Efficiently reading a very large text file in C++


I have a very large text file(45GB). Each line of the text file contains two space separated 64bit unsigned integers as shown below.

4624996948753406865 10214715013130414417

4305027007407867230 4569406367070518418

10817905656952544704 3697712211731468838 ... ...

I want to read the file and perform some operations on the numbers.

My Code in C++:

void process_data(string str)
{
    vector<string> arr;
    boost::split(arr, str, boost::is_any_of(" \n"));
    do_some_operation(arr);
}

int main()
{
    unsigned long long int read_bytes = 45 * 1024 *1024;
    const char* fname = "input.txt";
    ifstream fin(fname, ios::in);
    char* memblock;

    while(!fin.eof())
    {
        memblock = new char[read_bytes];
        fin.read(memblock, read_bytes);
        string str(memblock);
        process_data(str);
        delete [] memblock;
    }
    return 0;
}

I am relatively new to c++. When I run this code, I am facing these problems.

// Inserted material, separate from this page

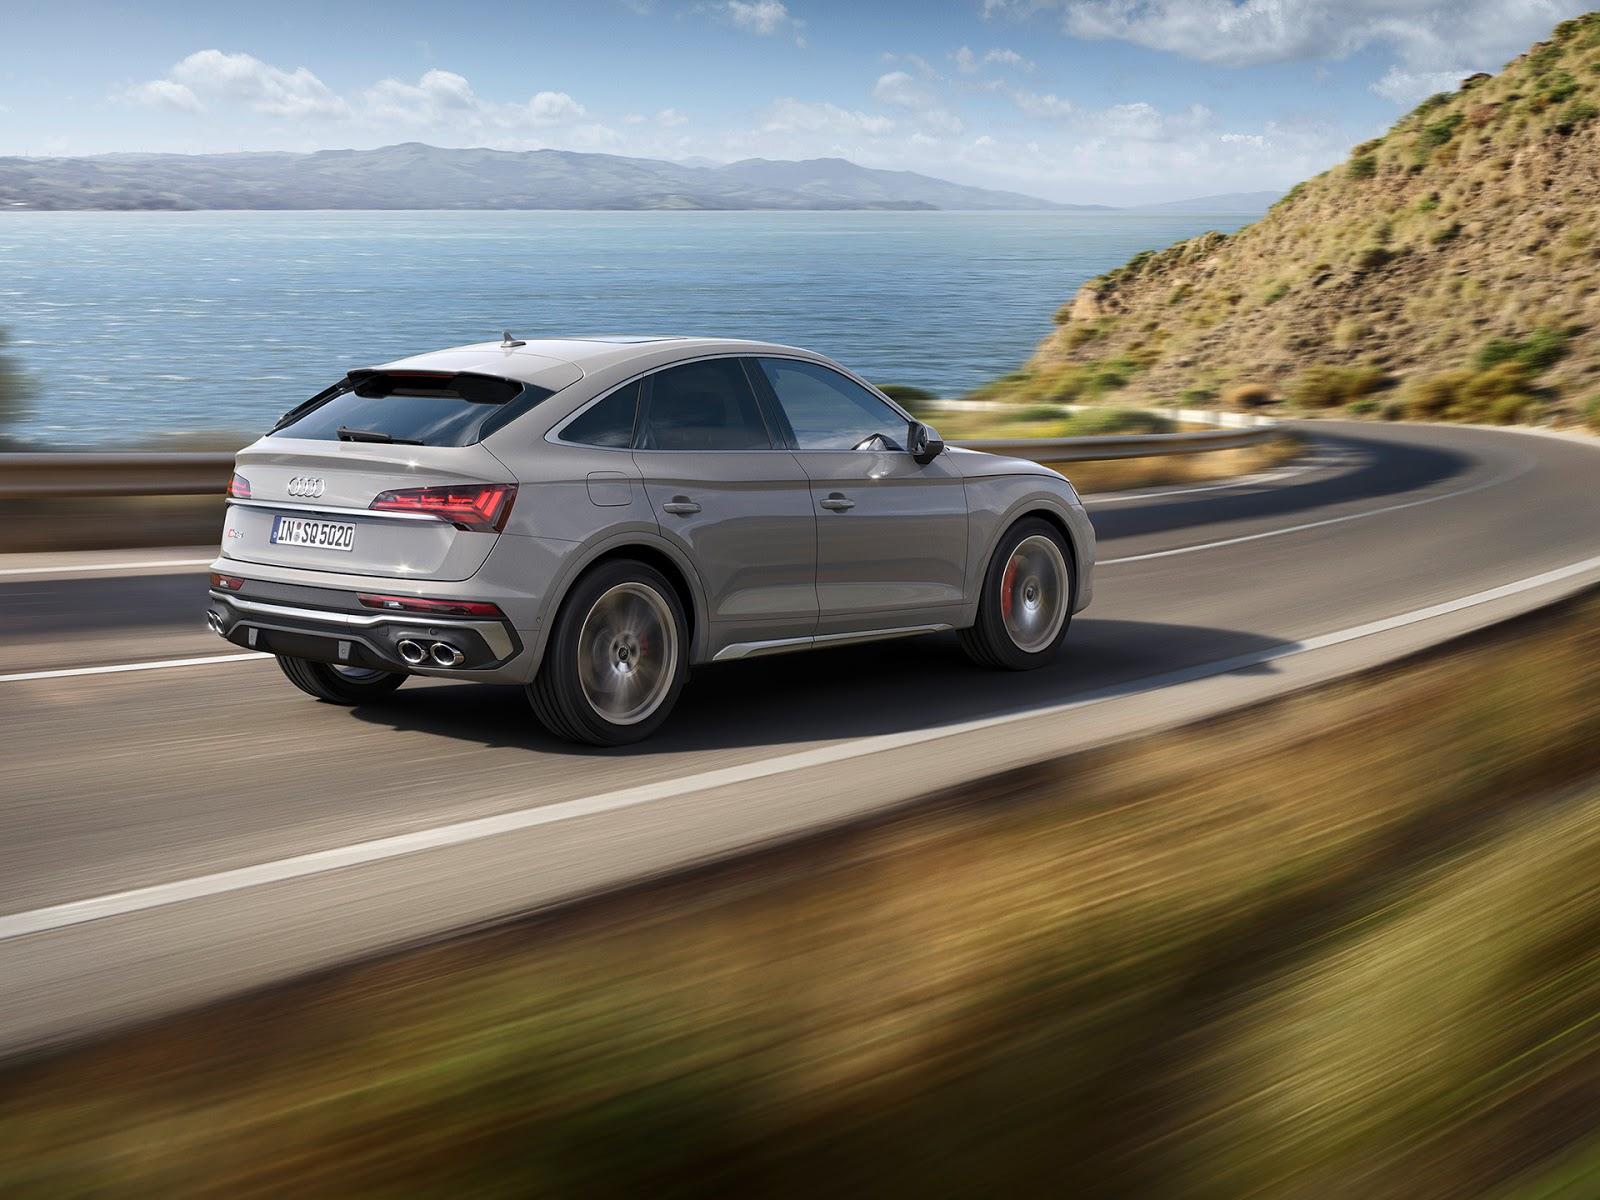 AUDI2BSQ52BSPORTBACK2BTDI 4 Audi SQ5 Sportback TDI: η σπορ έκδοση στην κορυφή της γκάμας του μοντέλου Audi, Audi SQ5, SQ5, ειδήσεις, καινούργιο, καινούρια, καινούριο
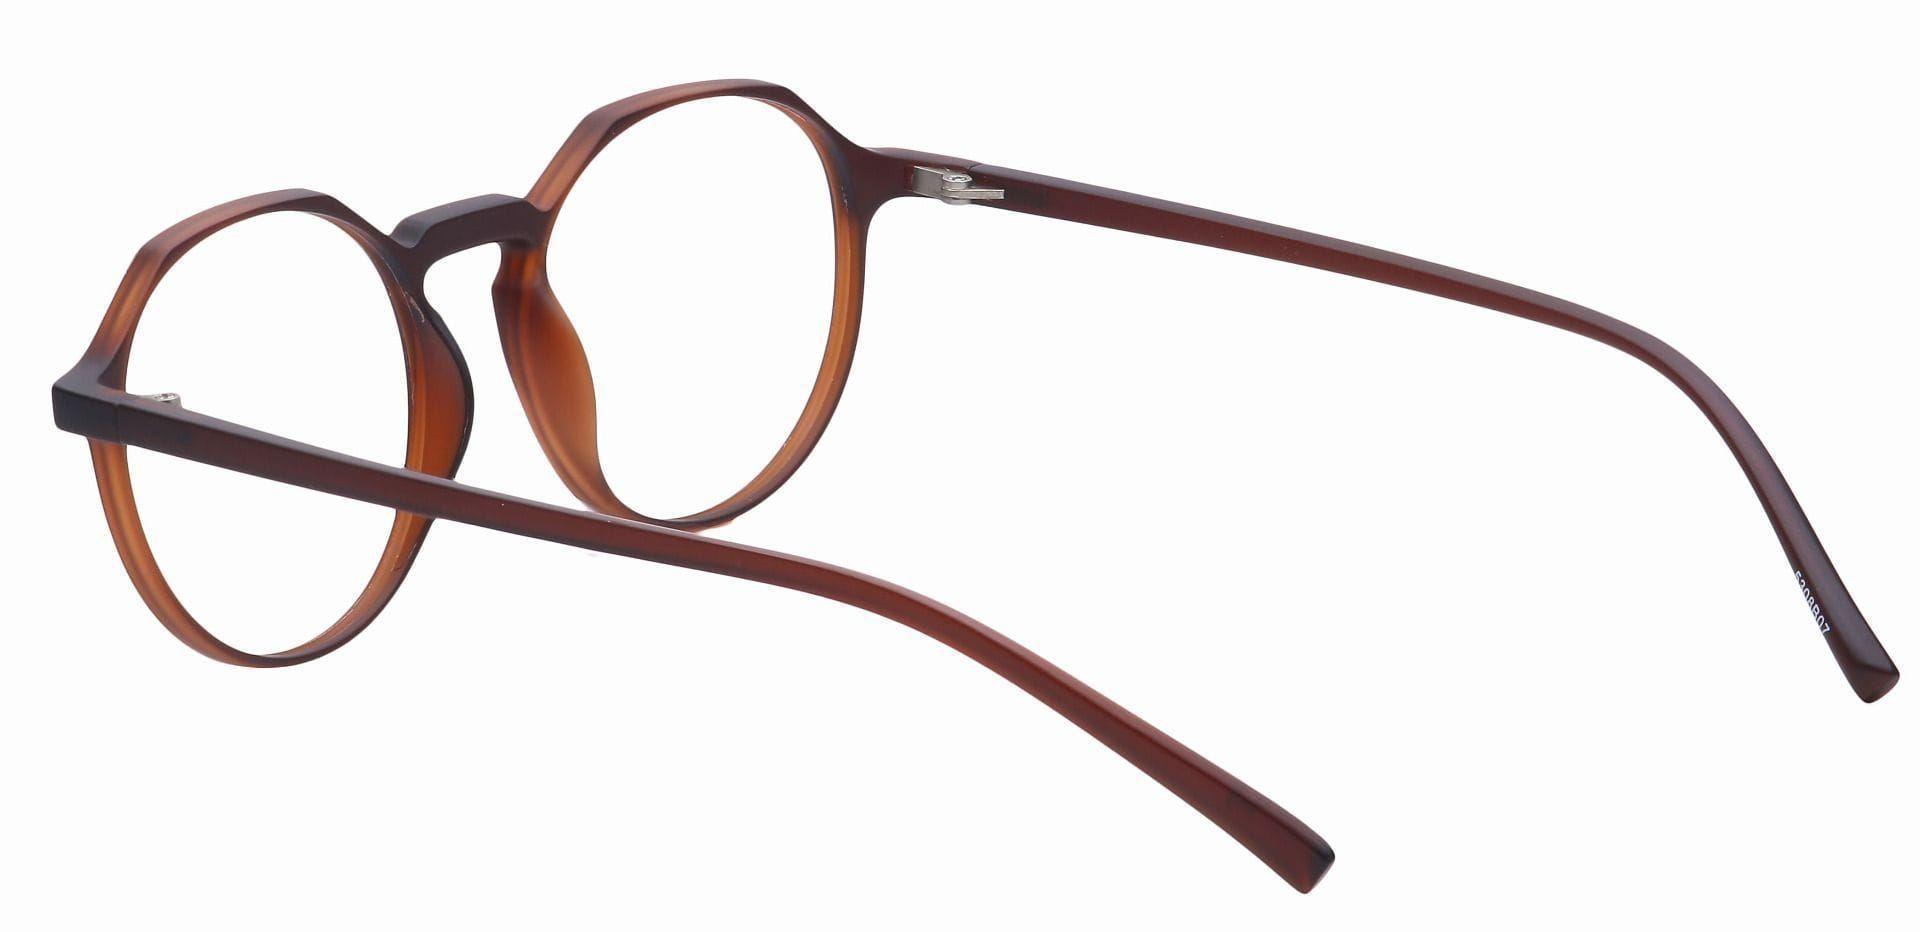 Paragon Oval Prescription Glasses - Brown

  1. Because of reading the file in bytes, sometimes the last line of a block corresponds to an unfinished line in the original file("4624996948753406865 10214" instead of the actual string "4624996948753406865 10214715013130414417" of the main file).

  2. This code runs very very slow. It takes around 6secs to run for one block operations in a 64bit Intel Core i7 920 system with 6GB of RAM. Is there any optimization techniques that I can use to improve the runtime?

  3. Is it necessary to include "\n" along with blank character in the boost split function?

I have read about mmap files in C++ but I am not sure whether it's the correct way to do so. If yes, please attach some links.


Solution

  • I'd redesign this to act streaming, instead of on a block.

    A simpler approach would be:

    std::ifstream ifs("input.txt");
    std::vector<uint64_t> parsed(std::istream_iterator<uint64_t>(ifs), {});
    

    If you know roughly how many values are expected, using std::vector::reserve up front could speed it up further.


    Alternatively you can use a memory mapped file and iterate over the character sequence.

    Update I modified the above program to parse uint32_ts into a vector.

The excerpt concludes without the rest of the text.